Гаишник поначалу попытался избежать участи прежних жильцов, мол, учиться надо на чужих ошибках. Начал с ремонта, который довел до конца. Приобрел кое – какую мебелишку – и все. На этом его воля, желание и прочее иссякли. Ведь жить в гадюшнике может только по-настоящему сильный человек, а слабые, чуть побарахтавшись для приличия, вливаются в ряды отторгнутых жизнью, становясь самыми настоящими пресмыкающимися. А бывший властелин дорог ни волей, ни характером, так нужными в этой ситуации для элементарного выживания. Дальше – дружба с местной пивной элитой, в которую вскоре вошел полноправным членом. И в результате все чаще по утрам не мог вспомнить, откуда в его комнате на утро оказались какие-то омерзительные рыла. Потом похмелялись, все вспоминалось, и уже это не казалось чем-то отвратным. И все опять шло по кругу, и так изо дня в день. При таком темпе употребления «огненной воды» до последнего края гаишнику оставалось совсем немного, и уже какие-то люди стали открыто интересоваться его жильем. А это наиточнейший диагноз – человек «дошел», «барахтаться» ему осталось совсем немного.

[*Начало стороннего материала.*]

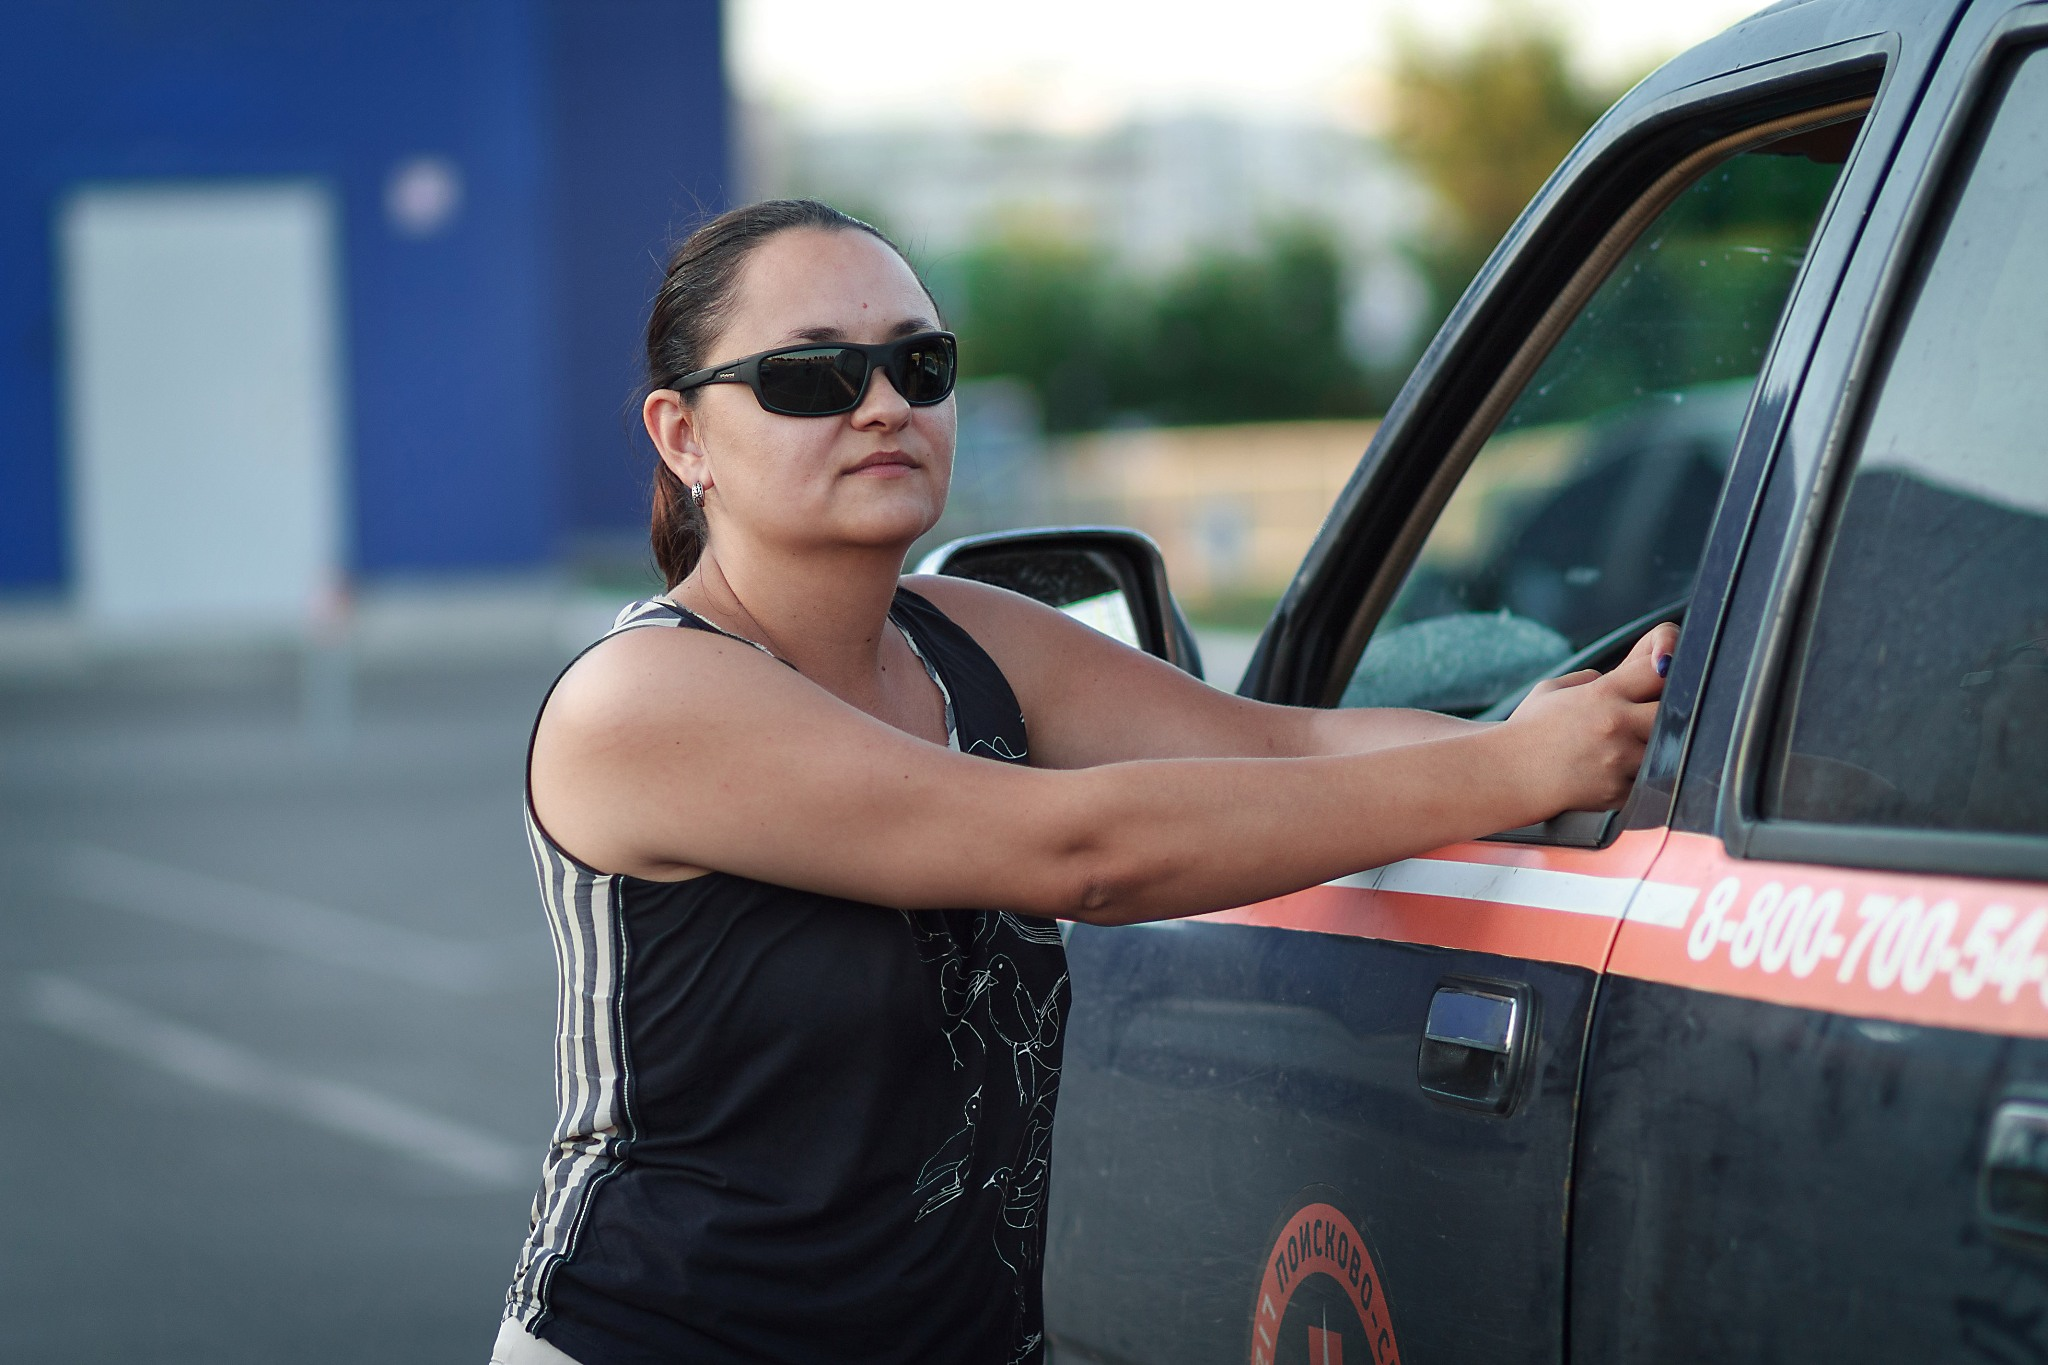 Женщина и машина.  Почему инструктор по безопасному вождению считает, что её невозможно обогнать
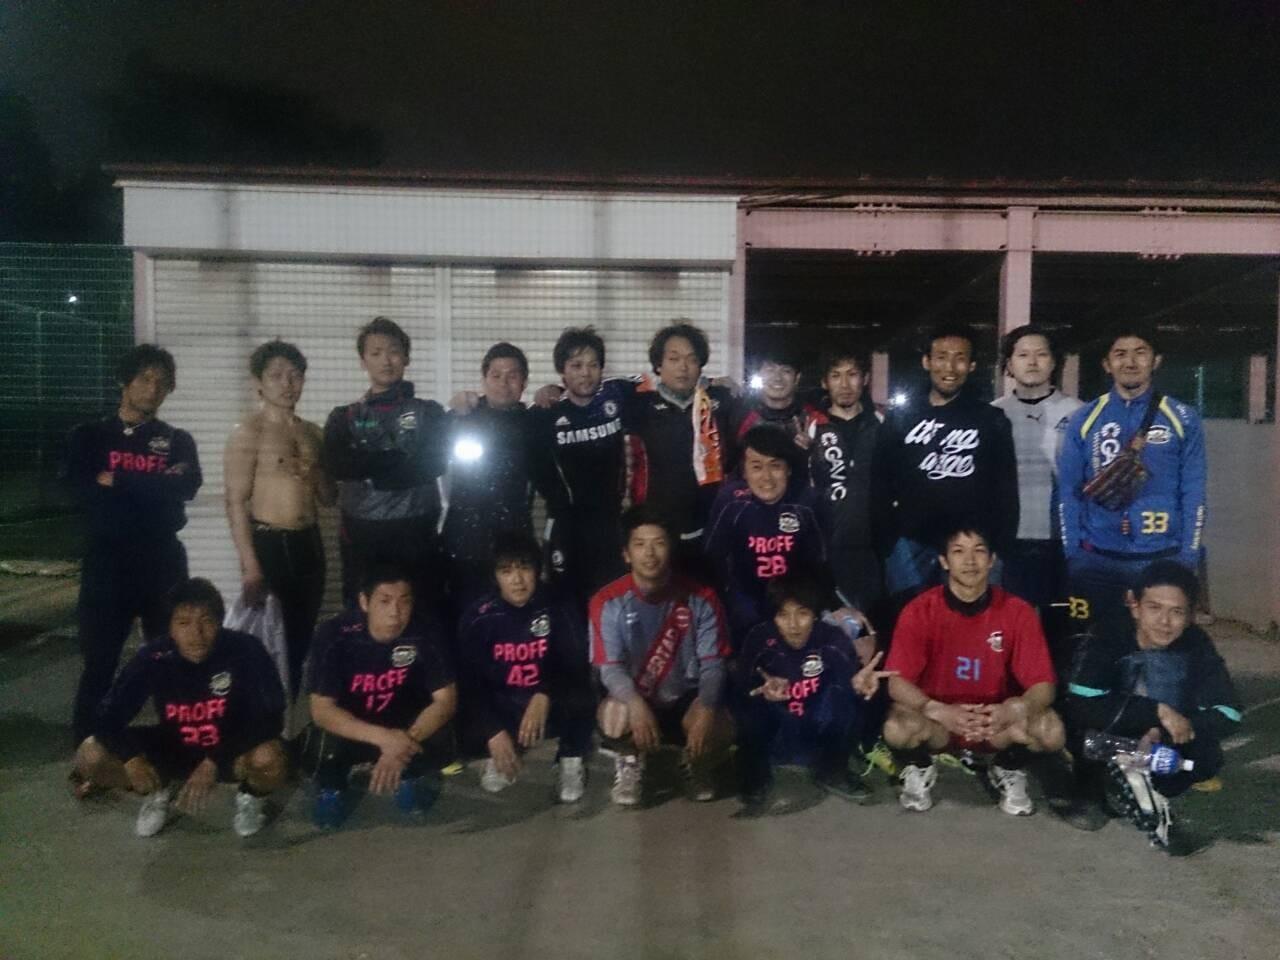 2015/4/12 服部緑地人工芝サッカー場 vs リスペクタ2005 vs リベルタFC

И тут жизнь у собутыльников Петровича – мента пошла наперекосяк, да и планы «черных дилеров» стали рушиться, у него поселился Онищенко. Теплая комнатка сразу стала негостеприимной для дружков – ханыг. Кому понравится, когда все пьют, а один трезвый как стеклышко, что у него на уме? И просыпаться разонравилось после полной отключки ни в какой – никакой хате, а на лестничной площадке, или, того хуже, у мусоропровода, на куче недельных гнилых отбросов. Пьянь было попыталась отстоять свои права, накатила на нового жильца, но, получив слегка по почкам, мгновенно угомонилась, трезво поразмыслив и порешив, что свет клином не сошелся на этой хате и еще остались хорошие люди и без этих бывших ментов.